From birth, we have a natural desire for interaction. Babies respond to happy and expressive faces of their parents and carers and search for attention and reaction. It is important to satisfy this need as it makes children feel secure and confident to explore further. Toddlers mimic and play alongside each other, but the interaction is not really meaningful as their social skills are not developed enough at this stage. They observe other children and copy what they are doing, especially if it's something naughty that gets a reaction from the grown ups!

Around the age of three, the interactions between children become more meaningful. They form attachments outside of their immediate circle and begin to make relationships with other children based on common interests. Natural curiosity brings children together and they join in if another child is playing with something that they particularly like - ddressing up, heroes, cars, drawing, lego, football, puzzles, dolls or any other activity.   

How can you support this?

1. Teach children about boundaries, sharing, taking turns, empathy and how to interact in society in general. Play is more enjoyable when the basic rules are in place.

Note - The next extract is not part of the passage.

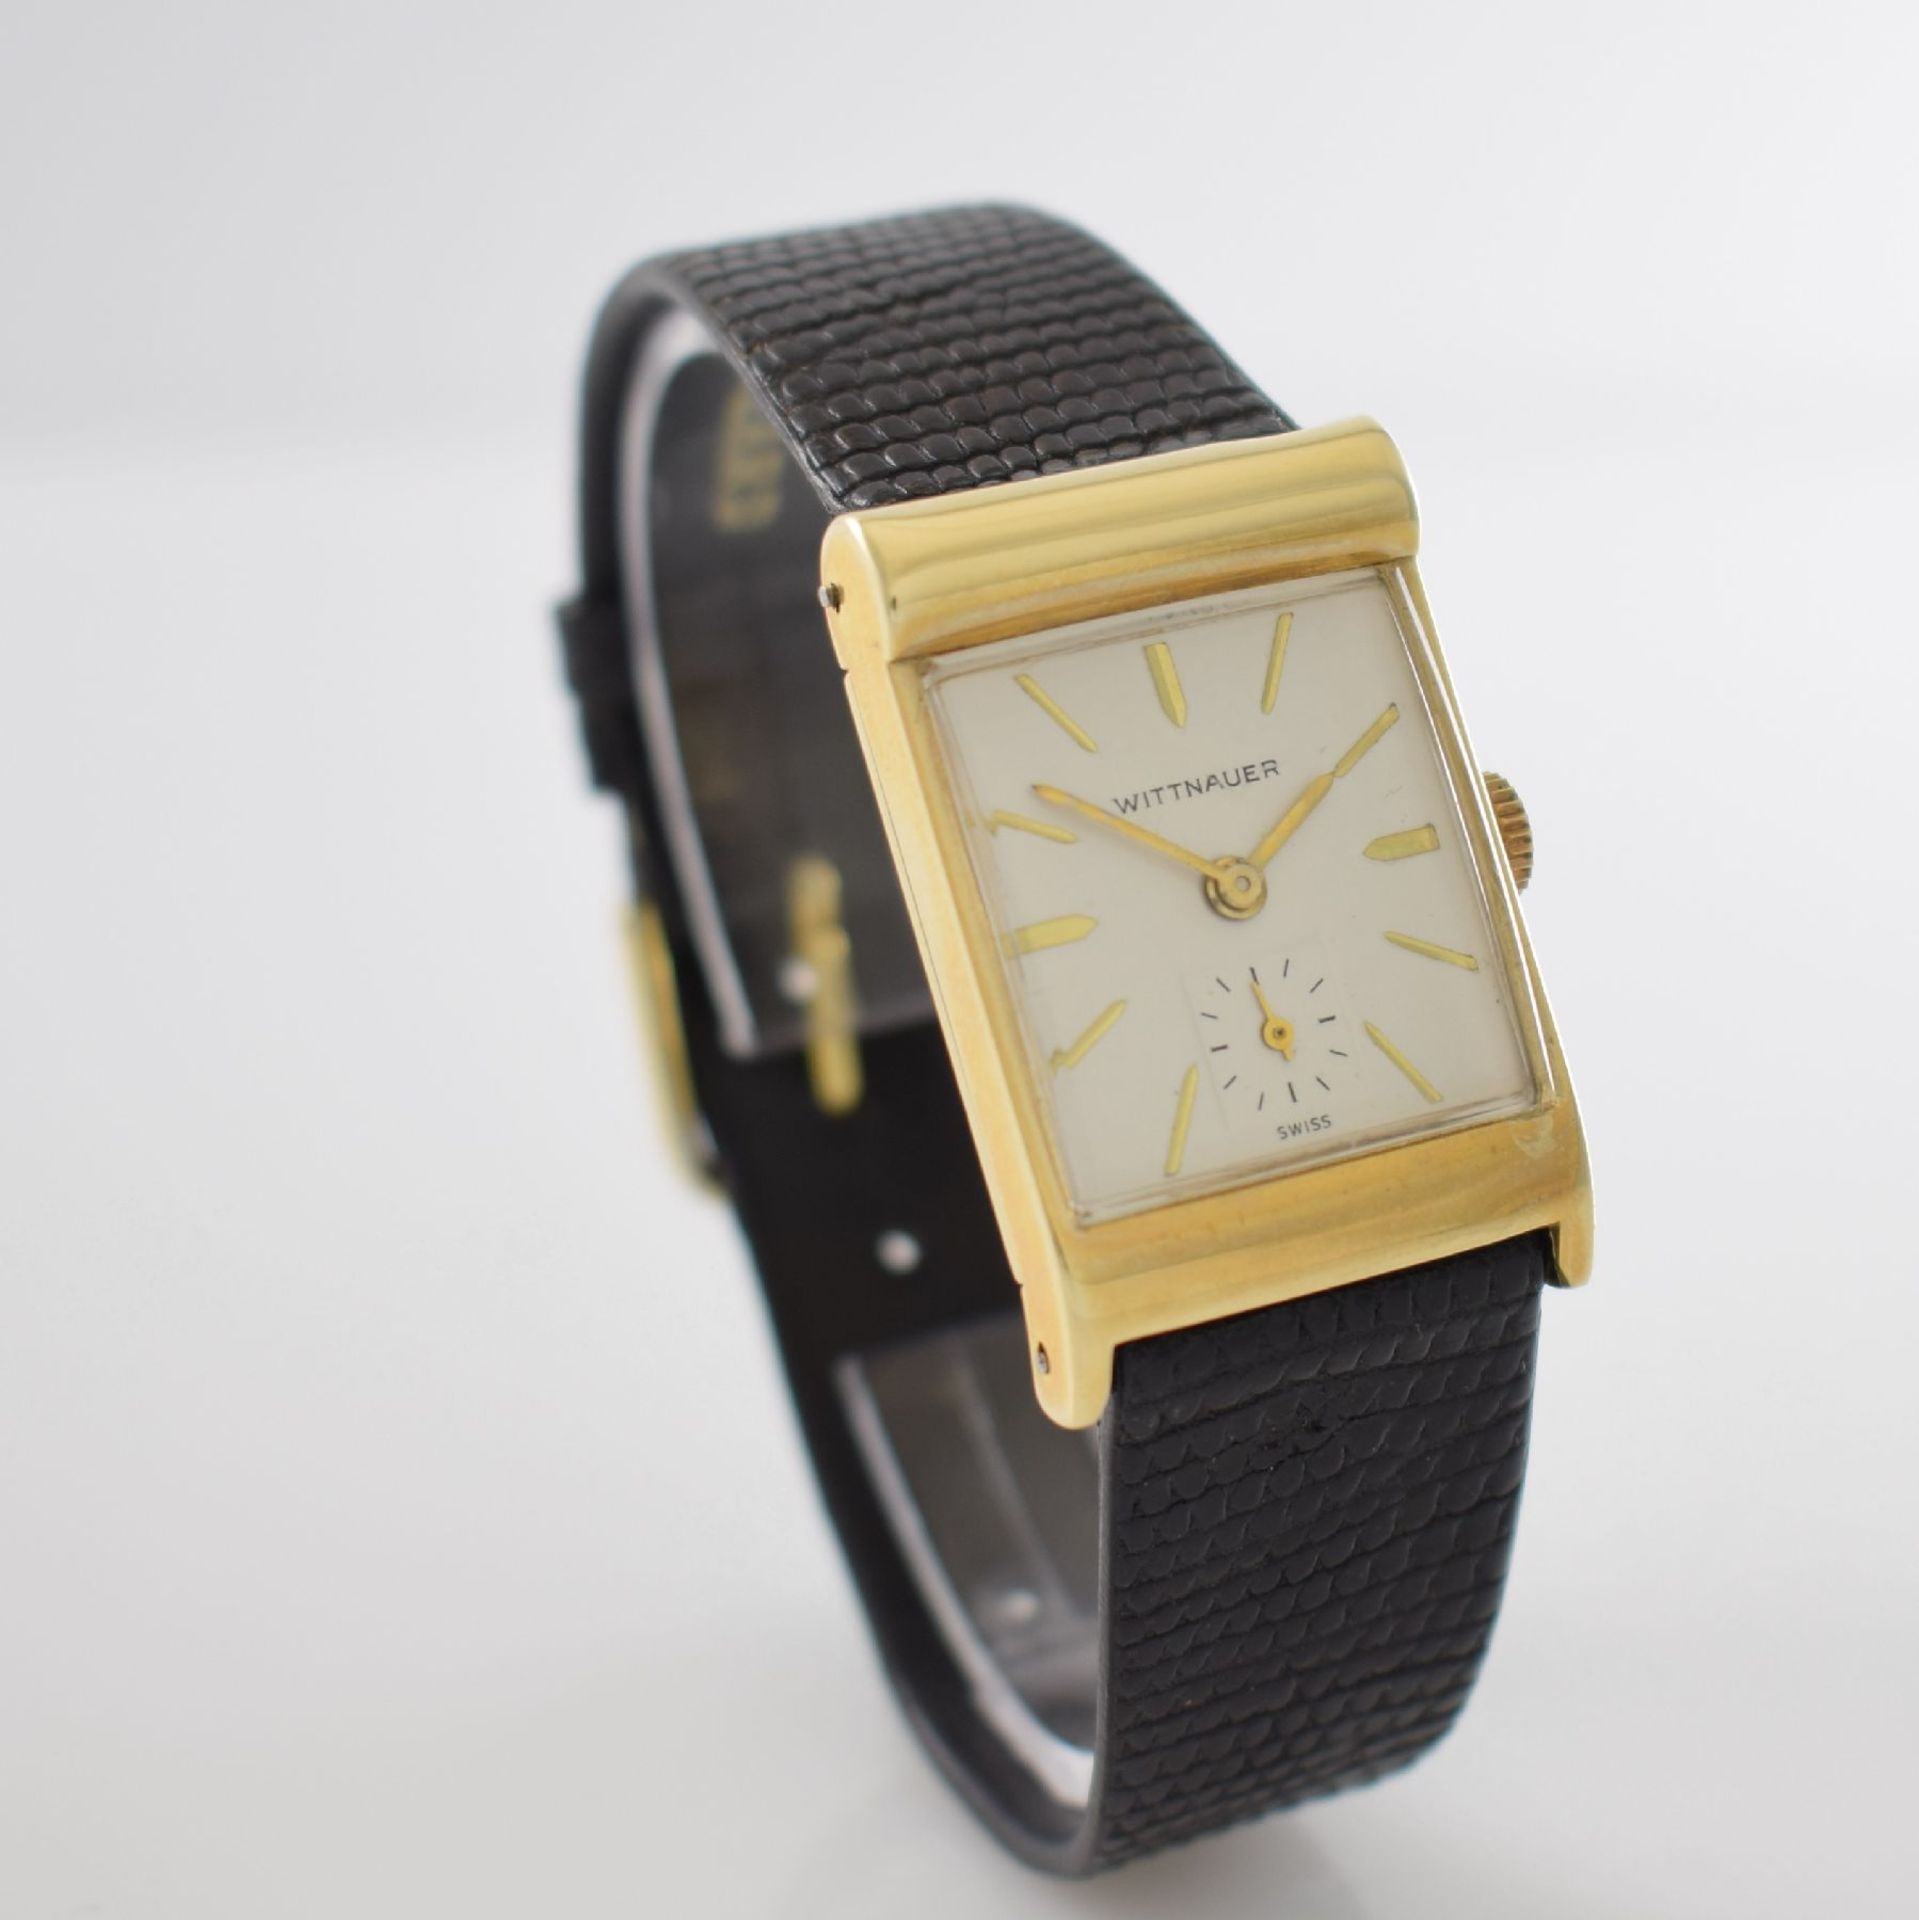 WITTNAUER asymmetrische rechteckige Armbanduhr in GG 585/000, USA/Schweiz um 1945, Handaufzug, 2- - Bild 5 aus 11

2. Do not force interaction. If your child does not have the same interests as your best friend's child and does not want to play, it's ok. Children are creative enough to keep themselves busy and will most probably find something in common when the pressure is off.

3. Model, model, model. Children observe, take on board and copy even (or especially) when we think they are not looking. Let them see you with your friends, talk about their qualities, things that you like to do together and how you help each other. Talk about and introduce them to your wider circle as well (friends from sport club, church, work etc) to learn about community and different interactions.